Теперь, когда ее поучения всплывали пред ним, он удивлялся их обилию, однообразию и готов был думать, что Рита говорила с ним, может быть, по требованию ее совести, для того, чтоб намеками предупредить его о своем обмане.

«Я – хочу оправдать ее?» – спрашивал он себя. Но тотчас же пред ним являлось плоское лицо Дронова, его хвастливые улыбочки, бесстыдные слова его рассказов о Маргарите.

«Если б упасть с нею в реку, она утопила бы меня, как Варя Сомова Бориса», – озлобленно подумал он.

Но, и со злостью думая о Рите, он ощущал, что в нем растет унизительное желание пойти к ней, а это еще более злило его. Он нашел исход злобе своей, направив ее на рабочих.

Наискось, почти напротив дома Самгиных, каменщики разрушали старое, казарменного вида двухэтажное здание, с маленькими, угрюмыми окнами, когда-то окрашенное желтой краской; Варавка приобрел этот дом для купеческого клуба. Работало человек двадцать пыльных людей, но из них особенно выделялись двое: кудрявый, толстогубый парень с круглыми глазами на мохнатом лице, сером от пыли, и маленький старичок в синей рубахе, в длинном переднике. Чугунные руки парня бестолково дробили ломом крепко слежавшийся кирпич старой стены; сила у парня была большая, он играл, хвастался ею, а старичок подзадоривал его, взвизгивая:

– Вали-и, Мотя! Круши, Мотя, – скоро шабаш!

Десятник, рыжебородый крупный мужик, уговаривал:

– А ты не балуй, Николаич! На что дробить кирпич?

Старичок отвечал шуточками:

– Так разве это я? Это же Мотя! Эх, Мотя, сук те в ухо, – сила ты!

И сам старался ударить ломом не между кирпичей, не по извести, связавшей их, а по целому. Десятник снова кричал привычно, но равнодушно, что старый кирпич годен в дело, он крупней, плотней нового, – старичок согласно взвизгивал:

– Верно-о! Отцы, деды наши работали получше нас! Эх, Мотя-а!

Все рабочие ломали стену с увлечением, но старичок, казалось Климу, перешел какую-то границу и, неистовствуя, был противен. А Мотя работал слепо, машиноподобно, и, когда ему удавалось отколоть несколько кирпичей сразу, он оглушительно ухал, рабочие смеялись, свистели, а старичок яростно и жутко визжал:

– Валяй-и!

«Идиоты!» – думал Клим. Ему вспоминались безмолвные слезы бабушки пред развалинами ее дома, вспоминались уличные сцены, драки мастеровых, буйства пьяных мужиков у дверей базарных трактиров на городской площади против гимназии и снова слезы бабушки, сердито-насмешливые словечки Варавки о народе, пьяном, хитром и ленивом.

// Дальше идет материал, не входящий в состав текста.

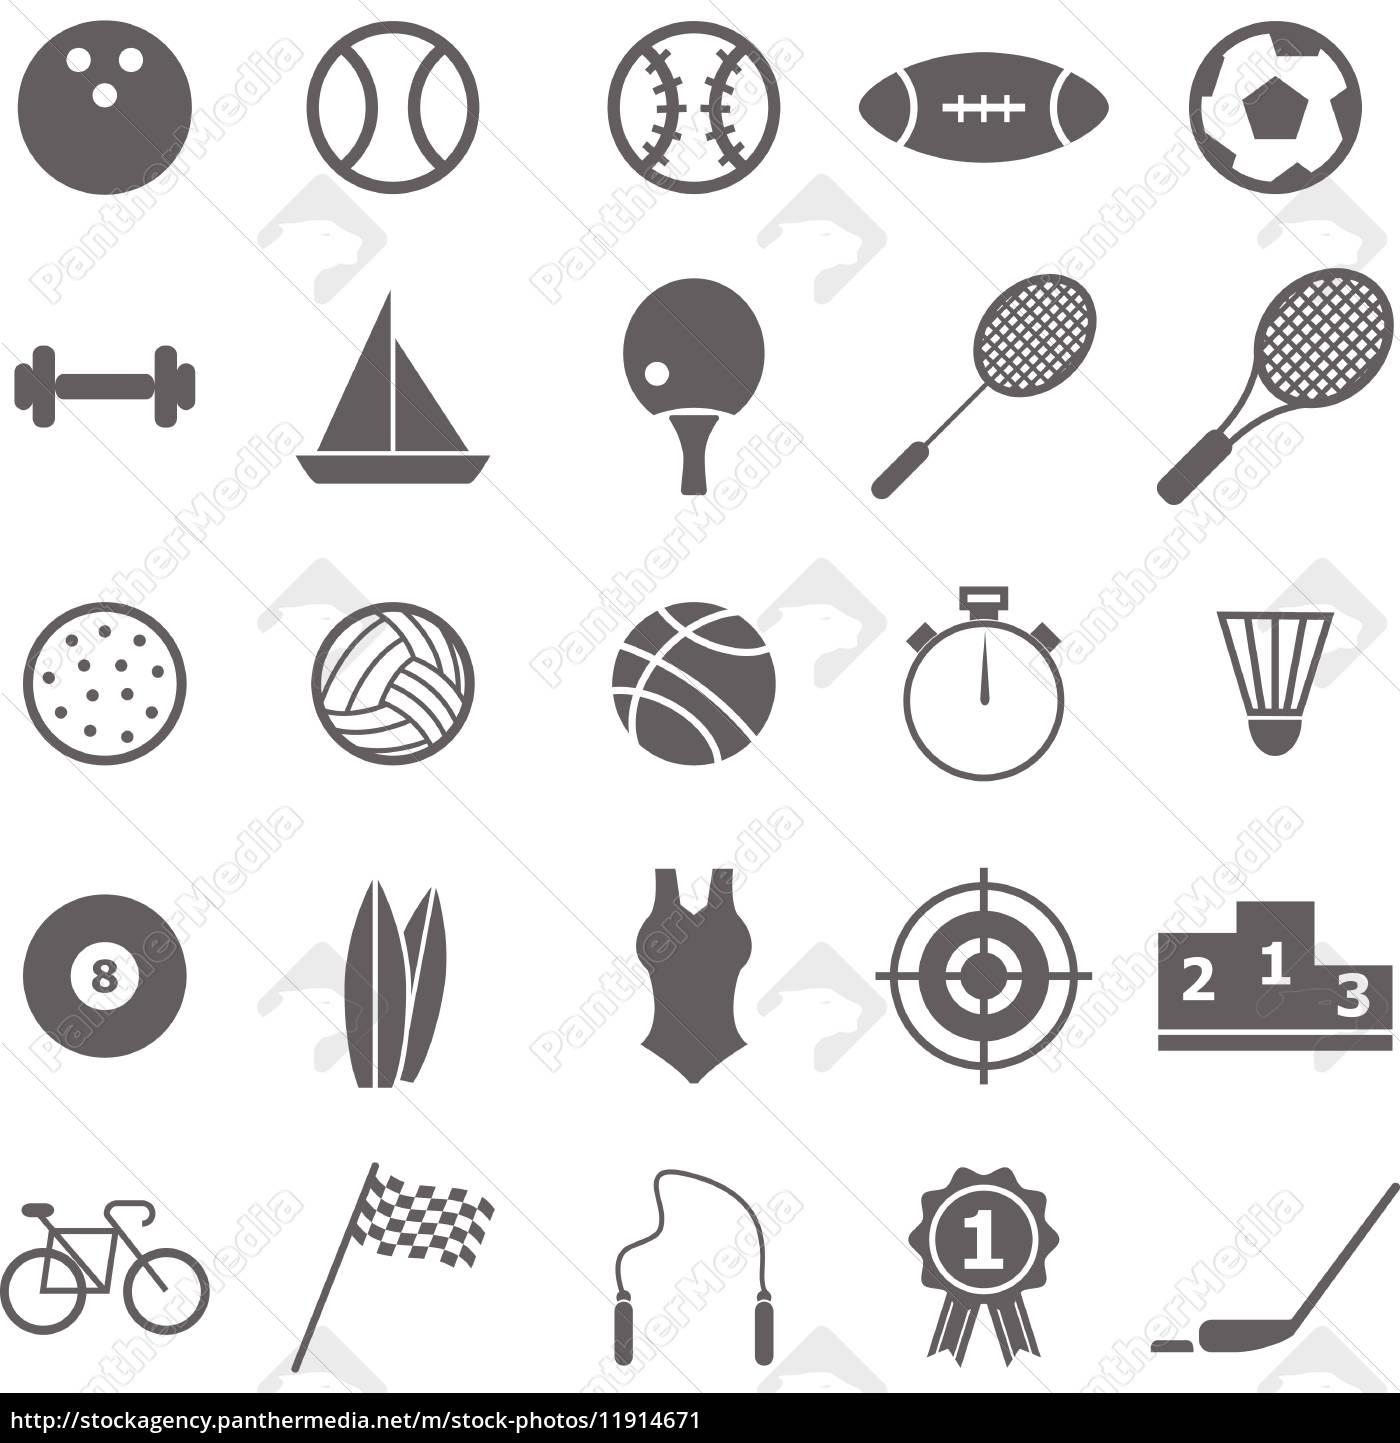 sport-symbole auf weißem hintergrund - Stockfoto - #11914671 ...

Казалось даже, что после истории с Маргаритой все люди стали хуже: и богомольный, благообразный старик дворник Степан, и молчаливая, толстая Феня, неутомимо пожиравшая все сладкое.

«Народ», – думал он, внутренне усмехаясь, слушая, как память подсказывает ему жаркие речи о любви к народу, о необходимости работать для просвещения его.

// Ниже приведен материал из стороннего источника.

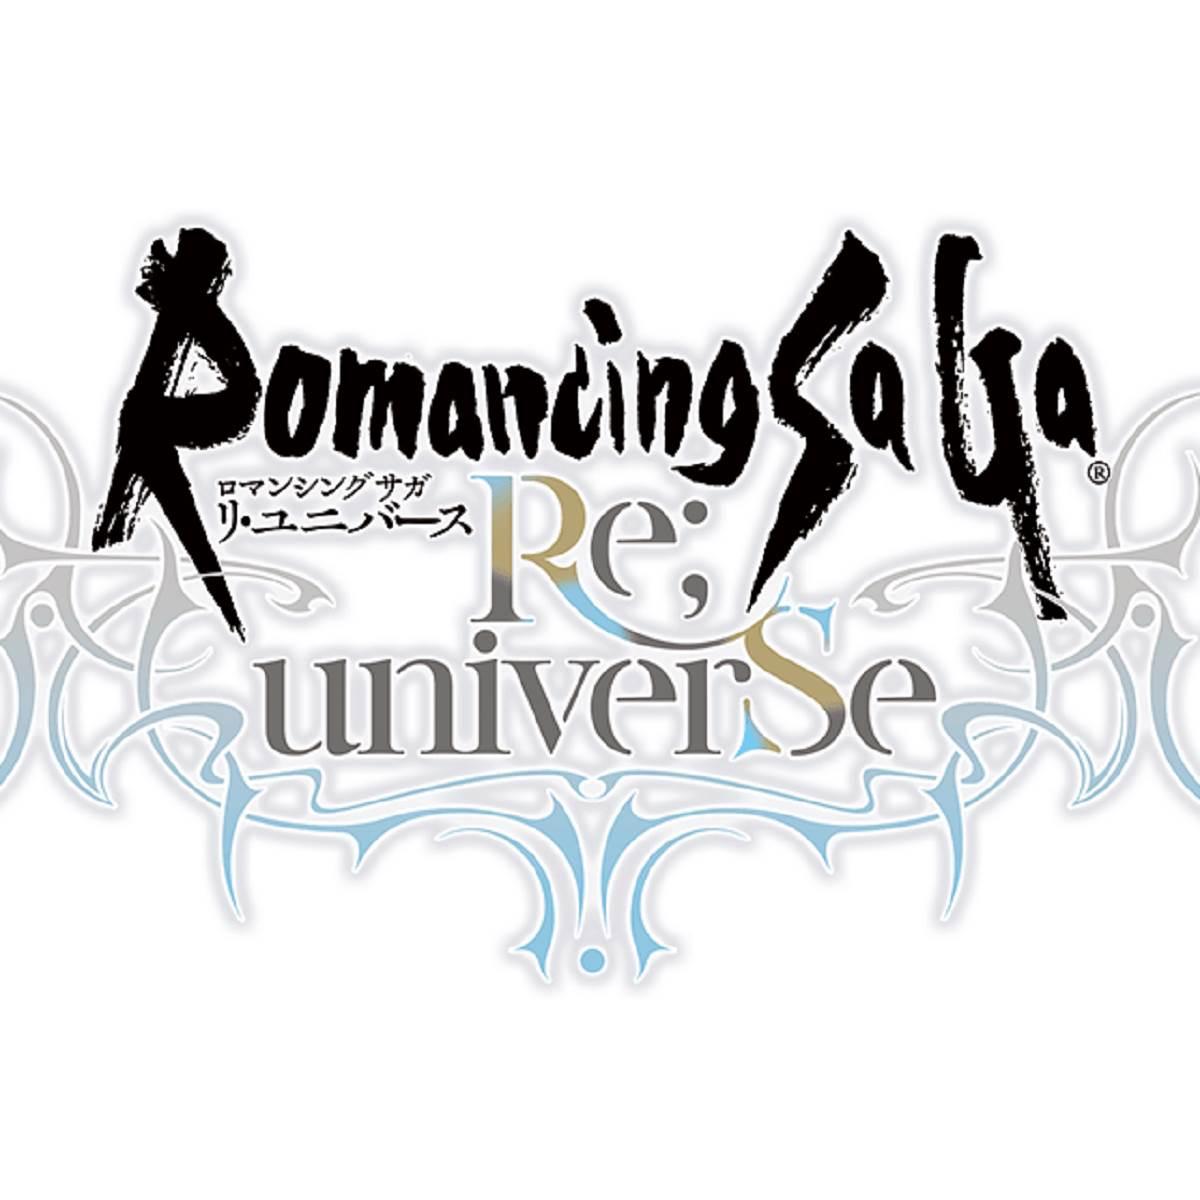 【ロマサガRS】ストーリー周回ならVH8-3-4でドーラジョーハゲがおすすめ!?

Клим шел к Томилину побеседовать о народе, шел с тайной надеждой оправдать свою антипатию. Но Томилин сказал, тряхнув медной головой:

– Искренний интерес к народу могут испытывать промышленники, честолюбцы и социалисты. Народ – тема, не интересующая меня.

Томилин, видимо, богател, он не только чище одевался, но стены комнаты его быстро обрастали новыми книгами на трех языках: немецком, французском и английском.

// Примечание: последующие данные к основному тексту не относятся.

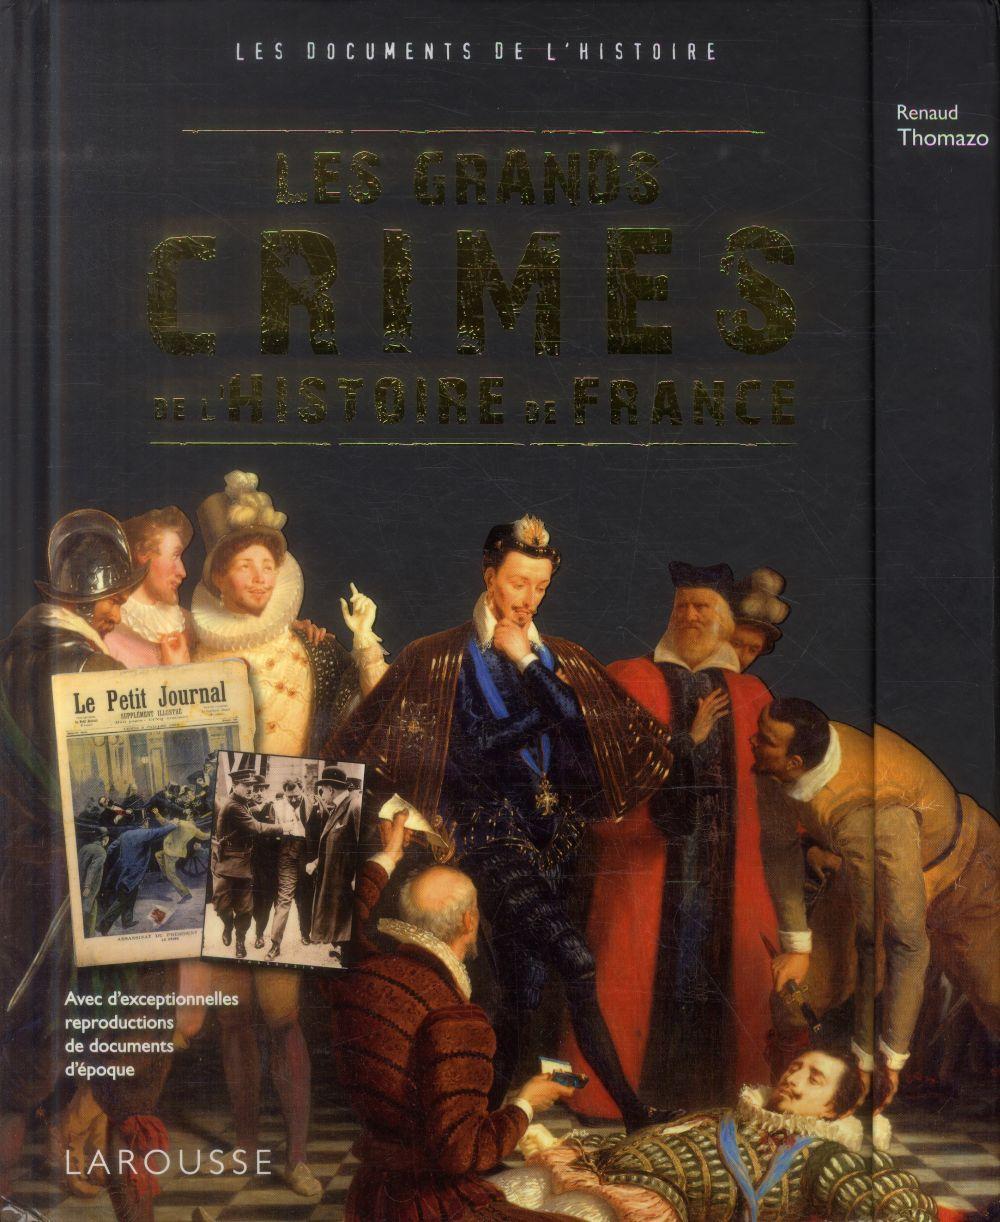 LES GRANDS CRIMES DE L'HISTOIRE DE FRANCE THOMAZO RENAUD Larousse

– По-русски читать нечего, – объяснял он. – По-русски интересно чувствуют, но думают неудачно, зависимо, не оригинально. Русское мышление глубоко чувственно и потому грубо. Мысль только тогда плодотворна, когда ее двигает сомнение. Русскому разуму чужд скептицизм, так же как разуму индуса и китайца. У нас все стремятся веровать. Все равно во что, хотя бы в спасительность неверия. Во Христа. В химию. В народ. А стремление к вере – есть стремление к покою. У нас нет людей, осудивших себя на тревогу независимой работы мышления.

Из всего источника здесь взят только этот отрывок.